The bill flatlines highway spending at $39.1 billion and transit spending at $8 billion, as did the Senate appropriations proposal, but allows those levels to change, depending on what happens with the reauthorization. It cuts $69 million from last year's U.S. DOT budget, with an even bigger bite -- $181 million -- out of the Federal Transit Administration budget. It cuts $138 million from the transit New Starts program, or "Capital Investment Grants," in the language of the bill, including Small Starts.

So, while Americans continue to struggle with high gas prices and few transportation options, the House wants to make it harder to expand access to transit.

High-speed rail? Zero.

Oh, and TIGER, the ever-popular, oversubscribed grant program for innovative transportation projects? Zilch.

Don't even ask about the groundbreaking Partnership for Sustainable Communities, which has the EPA, HUD, and U.S. DOT working in cooperation to foster more efficient -- and fiscally prudent -- development and growth.

The Senate, seeing which way the wind is blowing, allocated just $100 million for high-speed rail in FY2013, a sort of placeholder that keeps the program on life support until it can get back to making real, transformational grants. Not even that paltry amount made it into the final House budget this year.

The Senate included $500 million in its FY2013 budget for TIGER, the same as last year, and a mere $50 million for the HUD Office of Sustainable Communities, which makes the grants for the inter-agency partnership.
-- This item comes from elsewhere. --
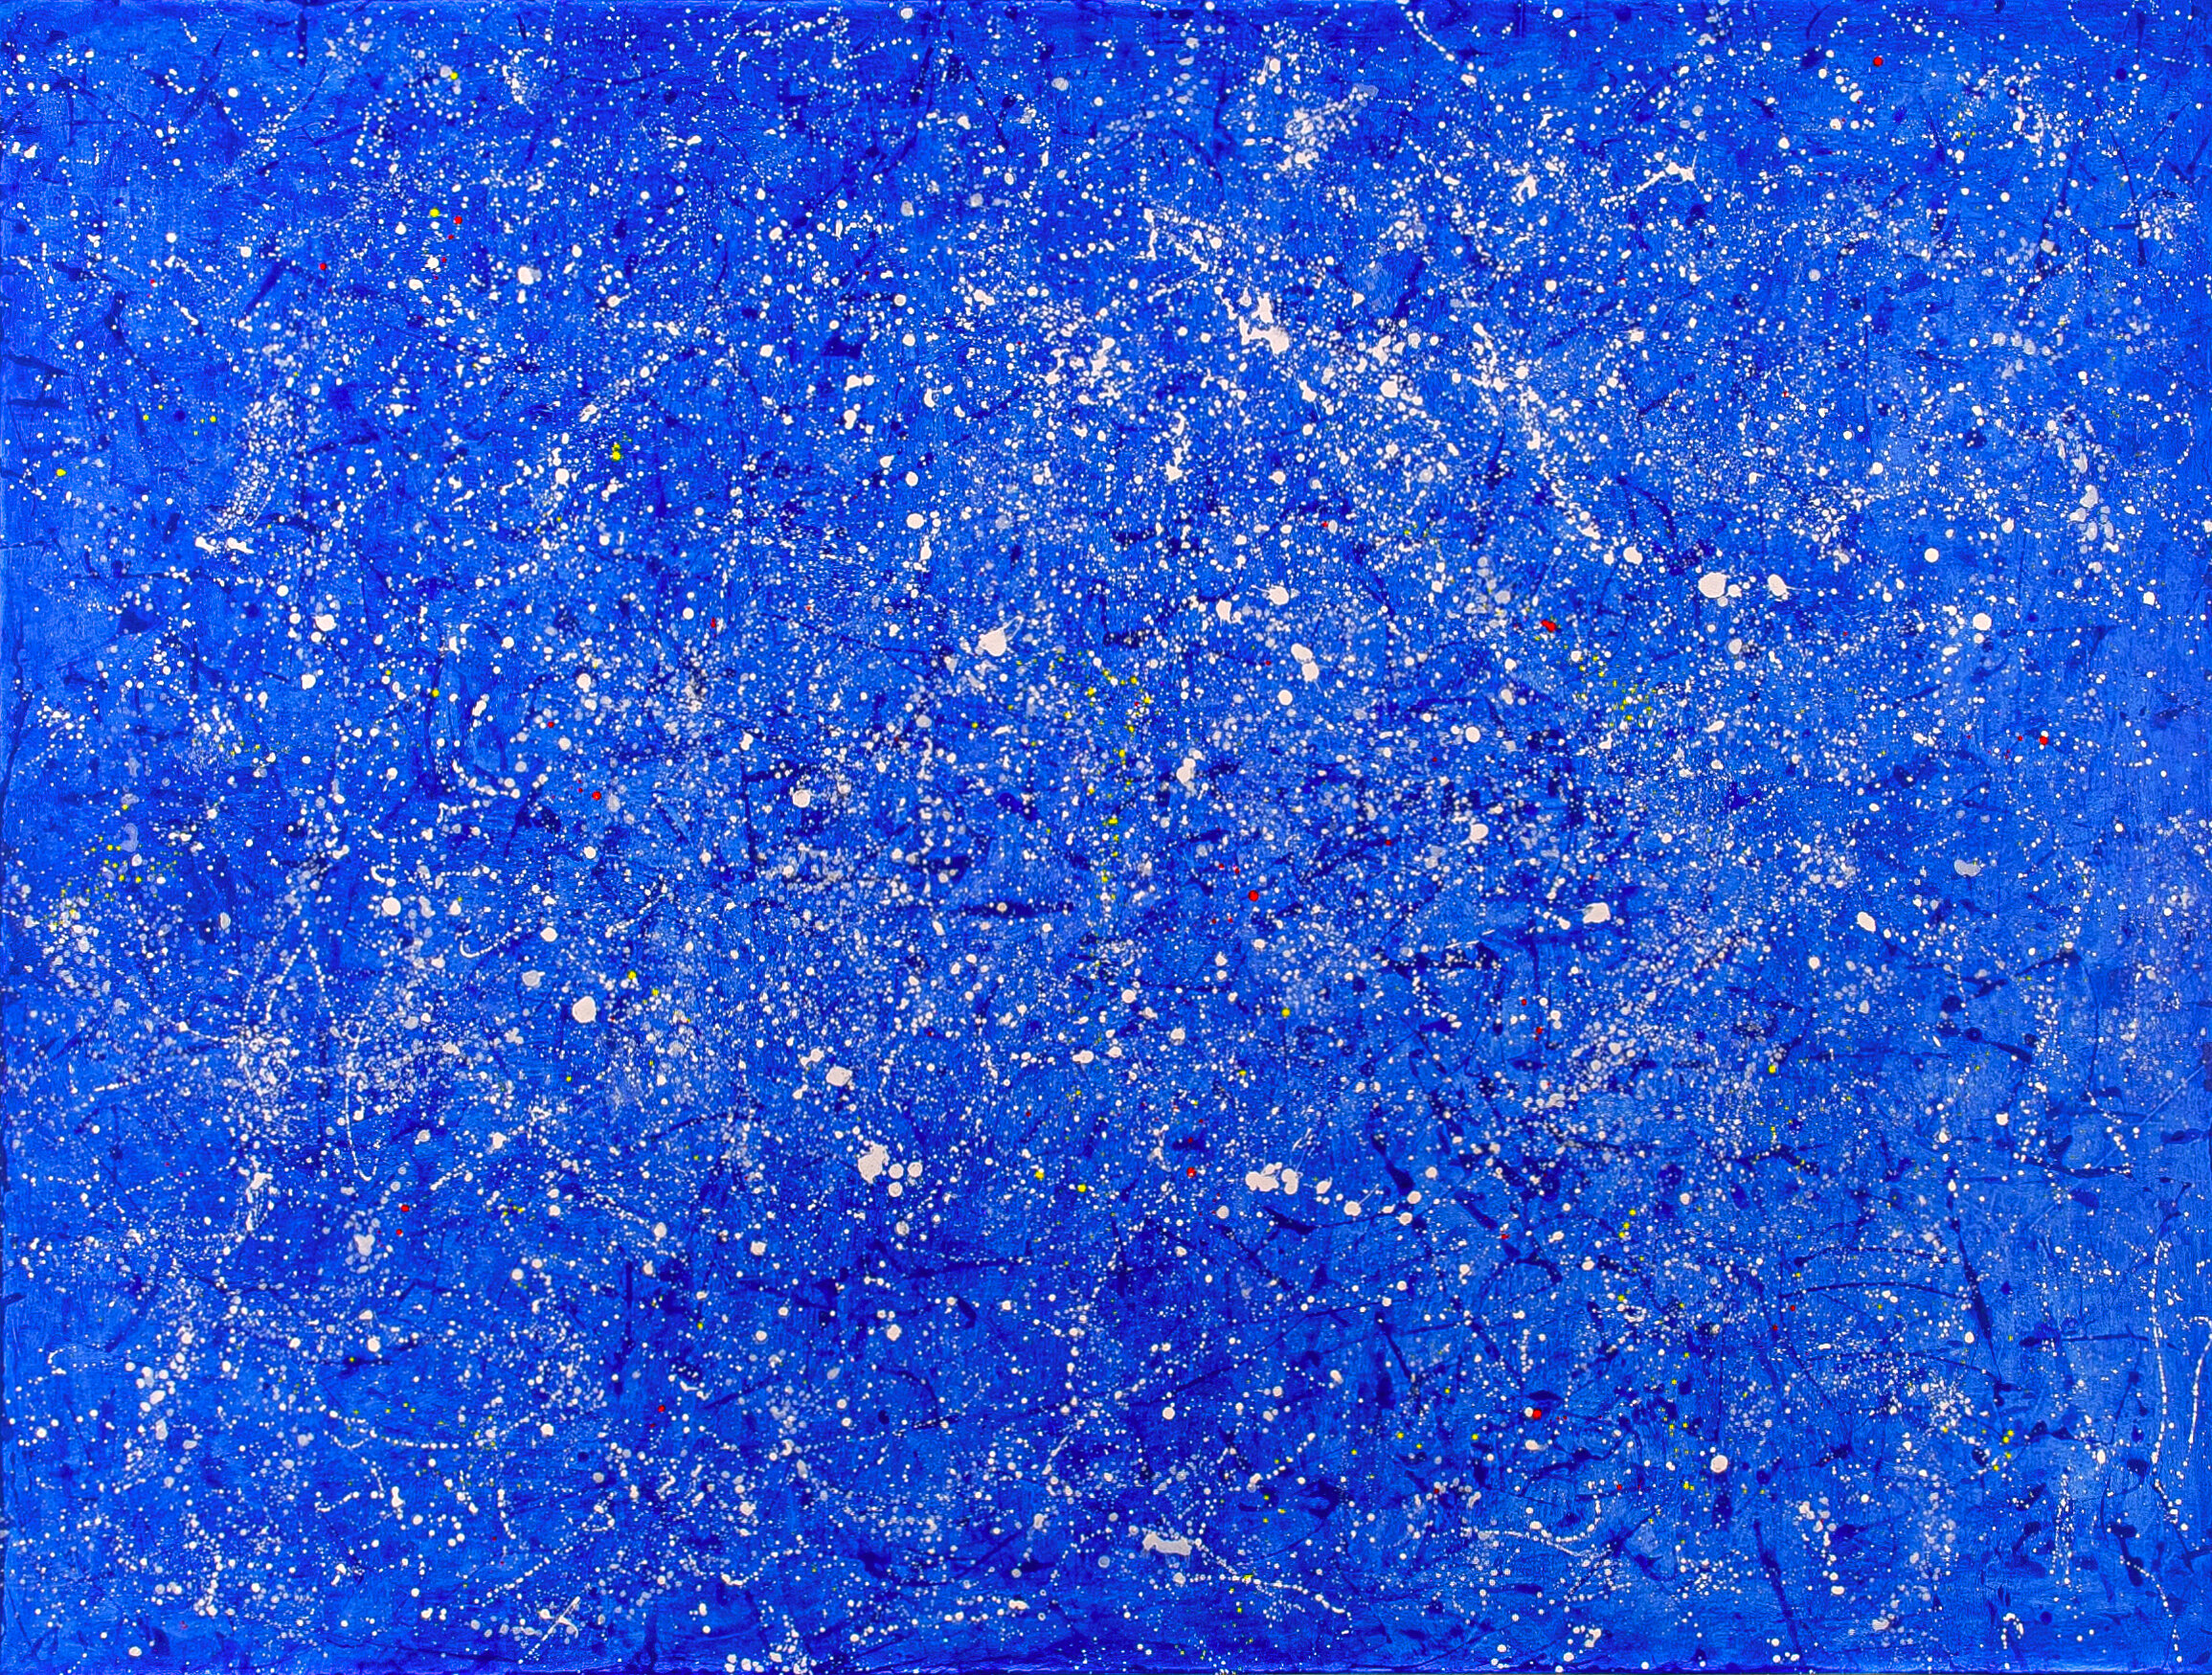   Galaxy VII , 2020, acrylic on canvas, 6 x 8 feet

The Partnership's funding has dwindled from $150 million in 2010 to $100 million in 2011 to nothing at all last year. Sounds good to the House.

In the THUD budget, the Federal Railroad Administration gets a small bump to $2 billion, of which $1.8 million is for Amtrak, mostly for capital improvements. That's nearly half a billion dollars above last year’s level, and $400 billion higher than even the Senate requested. However, the House budget cuts $116 million from Amtrak's operations budget, which the Senate would boost by about $10 million.

The House subcommittee also includes policy "reforms" for Amtrak, like requiring overtime limits and prohibiting federal funding for routes where Amtrak offers a discount of 50 percent or more off peak fares.